Wendy Bell compares those against Gov. Wolf's coronavirus orders to people killed in Benghazi attacks | News | Pittsburgh | Pittsburgh City Paper

Wendy Bell compares those against Gov. Wolf's coronavirus orders to people killed in Benghazi attacks

click to enlarge Screenshot from Wendy Bell Live's "Friday Monologue," posted to Facebook on Fri., April 24
Screenshot from Wendy Bell Live's "Friday Monologue," posted to Facebook on Fri., April 24
A large majority of Pennsylvanians approve of both the social distancing guidelines currently under order in the commonwealth due to coronavirus and of Gov. Tom Wolf's job at handling the pandemic.

But these facts don’t seem to care about Wendy Bell’s feelings.

Despite a recent poll showing only 17% percent of Pennsylvanians think the social distance orders are too strict, and 59% of Pennsylvanians approving of Wolf’s handling of the COVID-19 pandemic, Bell still managed to claim the opposite during an April 24 broadcast of her show on KDKA Radio.


In fact, she went as far as to claim that Pennsylvanians are victims under Wolf’s orders and said that those who disagree with the closures are like the victims of the Benghazi attacks of 2012.
“There is a huge disconnect, Governor Wolf here in Pennsylvania, between you and the people who make up this great commonwealth. You are not hearing them,” she said during her monologue on her KDKD Radio show on April 24. “They are in the trenches, fighting for their lives, and you're not hearing them. You know, it was Sept. 11, 2012, when the U.S. ambassador to Benghazi in Libya, who had asked repeatedly for more security at that U.S. embassy in Benghazi and never received it. His calls never were answered. His requests for help were never heeded. When he was brutally attacked and murdered along with three other Americans and seven Libyans.”

In 2012, four Americans and seven Libyans were killed in an attack on the U.S. Embassy in Benghazi, Libya. The attack was carried out by the Islamic militant group Ansar al-Sharia. Since then, it has become a popular conspiracy theory among right-wingers that former Secretary of State Hillary Clinton and the Obama administration were responsible for the attacks, despite a 2014 investigation by the then Republican-controlled House that said the CIA and the military acted properly.

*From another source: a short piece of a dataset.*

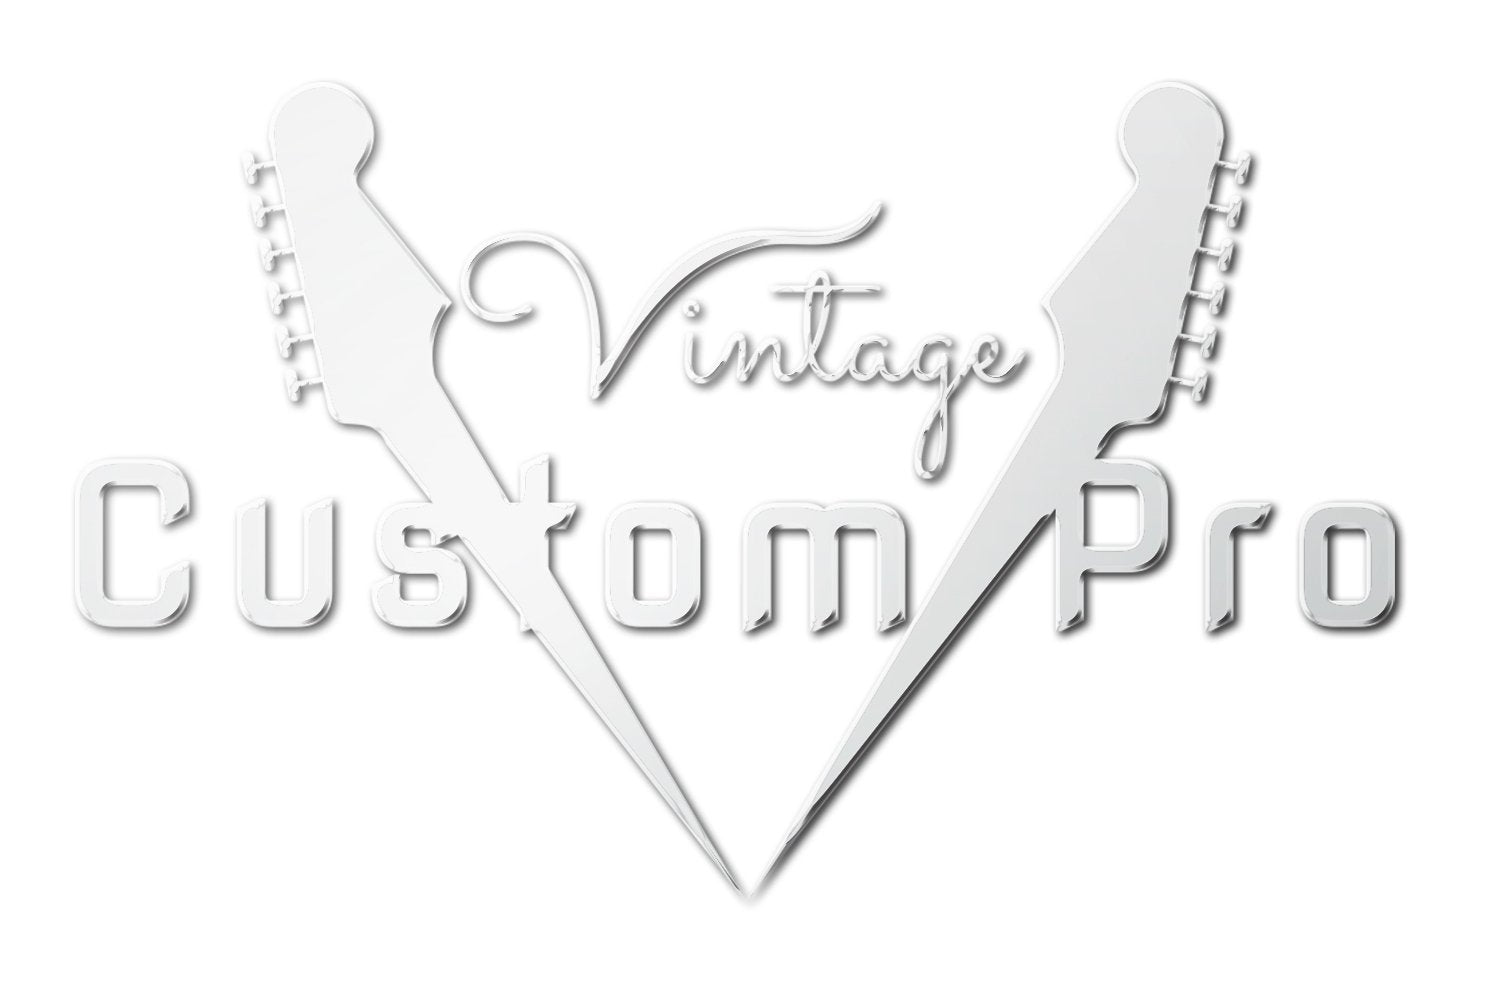 Vintage* V6MRLB Electric Guitar, Electric Guitar for sale at Richards Guitars.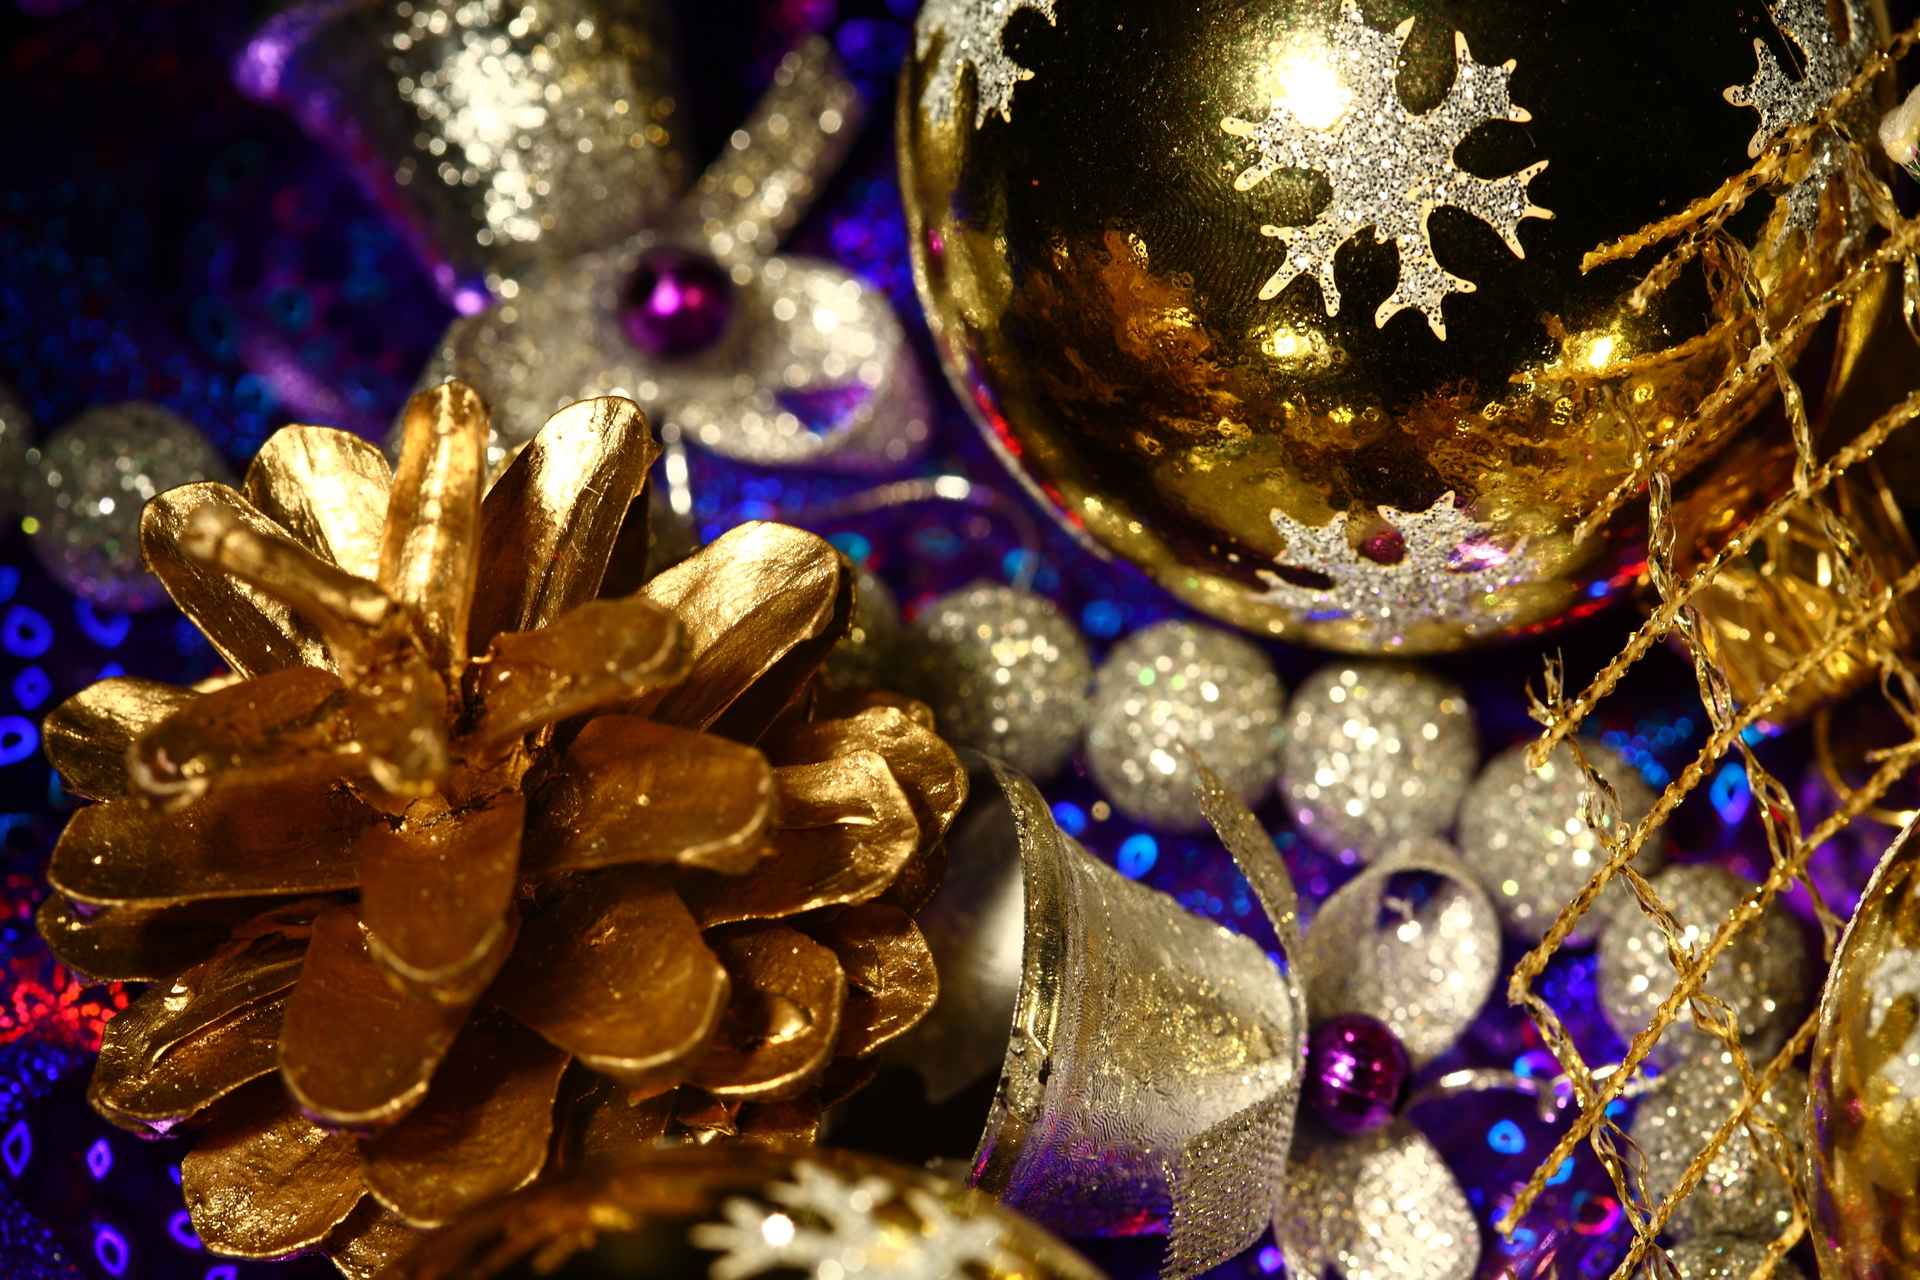 Скачать обои бесплатно Рождество (Christmas Xmas), Игрушки, Праздники, Новый Год (New Year) картинка на рабочий стол ПК

Regardless, Bell continues with her comparison during her monologue.

“They called, they called for help, they screamed it as rocket-propelled grenades and mortars and thugs with machine guns murdered them brutally,” said Bell. “Their calls were never answered. It was a collective gasp in American history that you could be an American and you could wave a white flag and need help and not have your government comfort you. Ladies and gentlemen, for so many men and women right now, this is that moment for them.”


Lt. Gov John Fetterman says he thoroughly questions the value of “comments so unserious” during a global pandemic.

In a statement, he writes that “50,000 of our fellow citizens have died from this virus-so far. Steps taken by Governor Wolf to drastically contain COVID have saved many lives, and enjoy the support of an *overwhelming* majority of Pennsylvania’s residents.”

Before Bell’s monologue, an ad played that said Bell’s show was being sponsored by local car dealership chain Shults Ford. In a COVID-19 statement on its website, Shults Ford says, “As we navigate through this challenging time, the health and safety of our customers and employees is our primary concern.”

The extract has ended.